So, come Monday morning, by which time I was once again bright-eyed and bushy-tailed, I was particularly interested to read a blog post by motivational coach and author Andrew Jobling and to watch a video by Brendon Burchard of the High Peformance Academy. Both had content that really interested me, and after a choc-a-bloc weekend, the timing seemed perfect. Jobling’s blog was all about ‘do or die’ non-negotiable goals – I’m thinking writing a book – and how to stick to them, whatever life throws at you. Birthday feasts apart, committing to writing means keeping a day or afternoon free a week even if it means saying ‘No’ to a lunch or seeing a friend. It’s called commitment – and a healthy measure of self-belief comes in handy too.

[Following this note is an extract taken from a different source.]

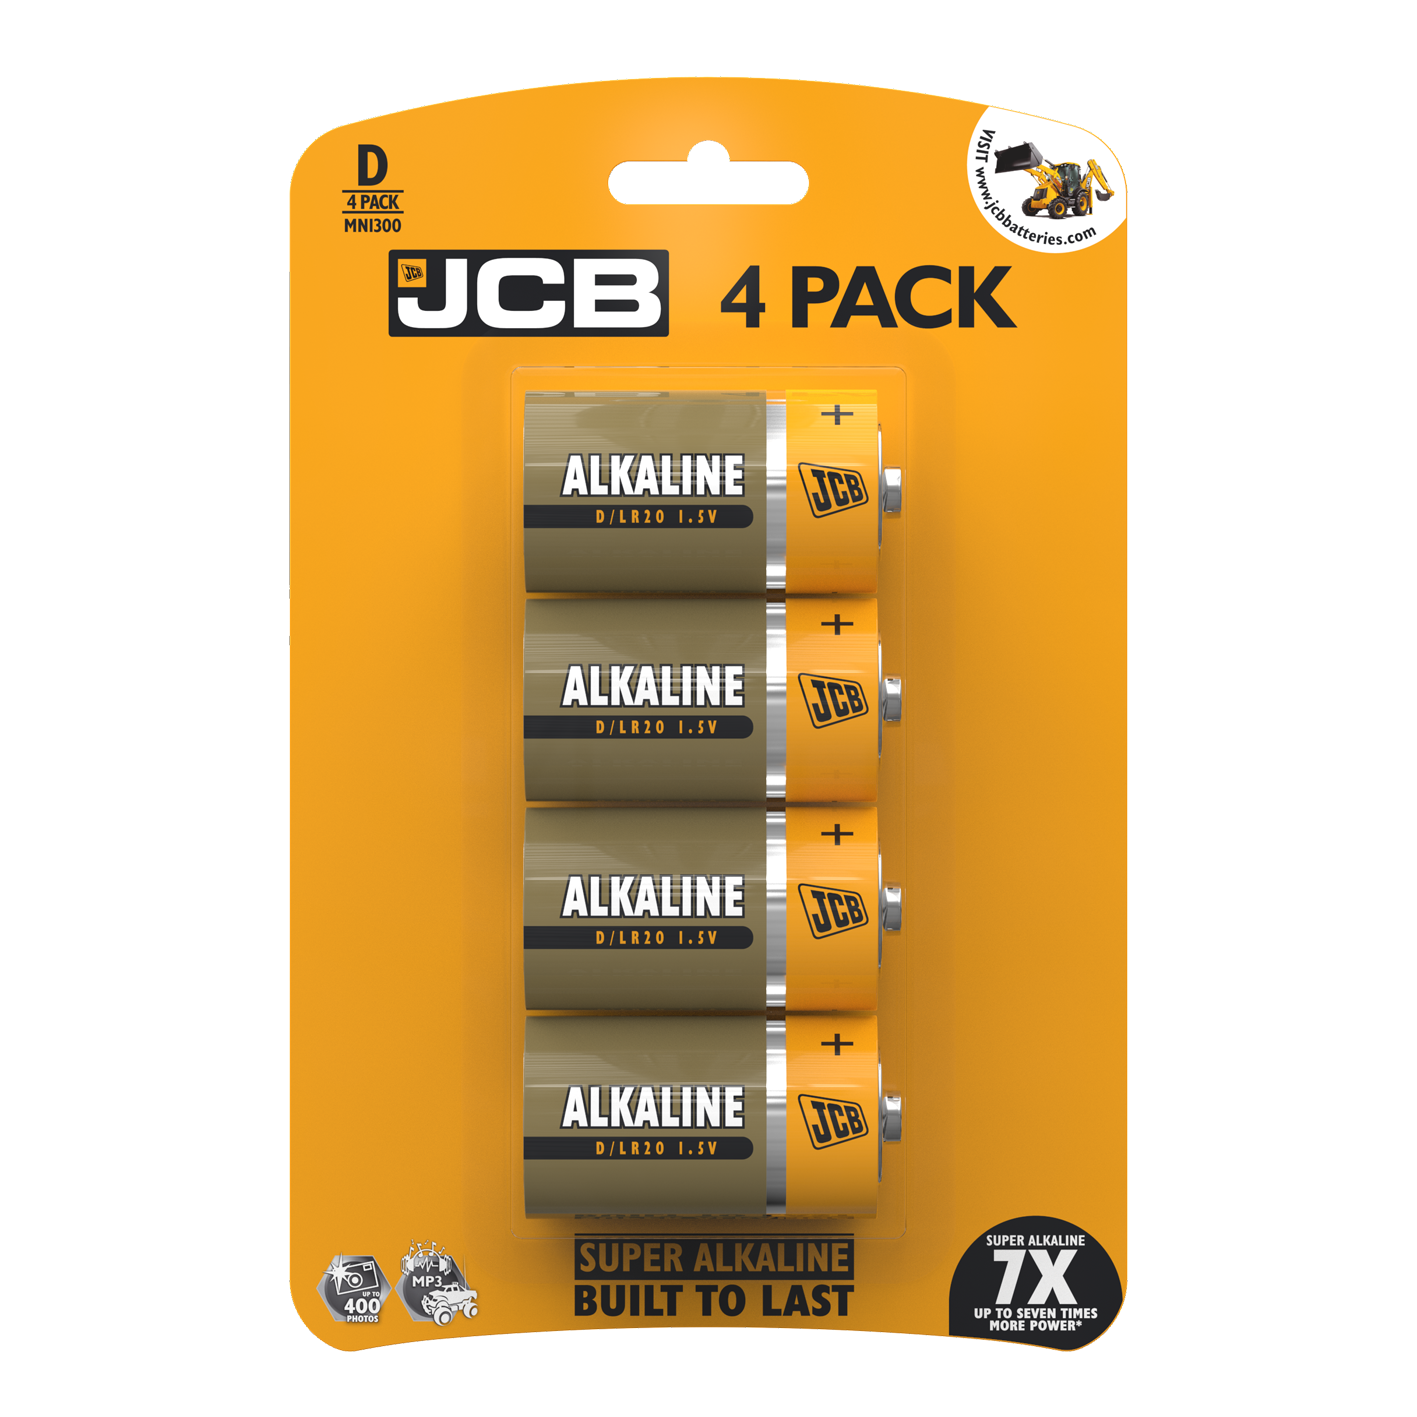 JCB D Size Super Alkaline, Pack of 4

But how do we stick to our goals when so many other things compete for our time and attention? Because everyone is busy. Burchard talks about getting into the right mindset and having focus and clarity. He asks if we can envision – really see, feel and sense – ourselves achieving the goal, as in becoming our future selves. Have any other wannabe authors pictured themselves holding a finished book at the launch party? I like his tip about programming in some quick wins to keep the motivation going and about gathering supportive people and mentors around you. And my favourite – given my choc-a-bloc tendency – is Bandwith Belief. This is where you ask yourself if the goal or activity is something that you have enough time or focus to do well.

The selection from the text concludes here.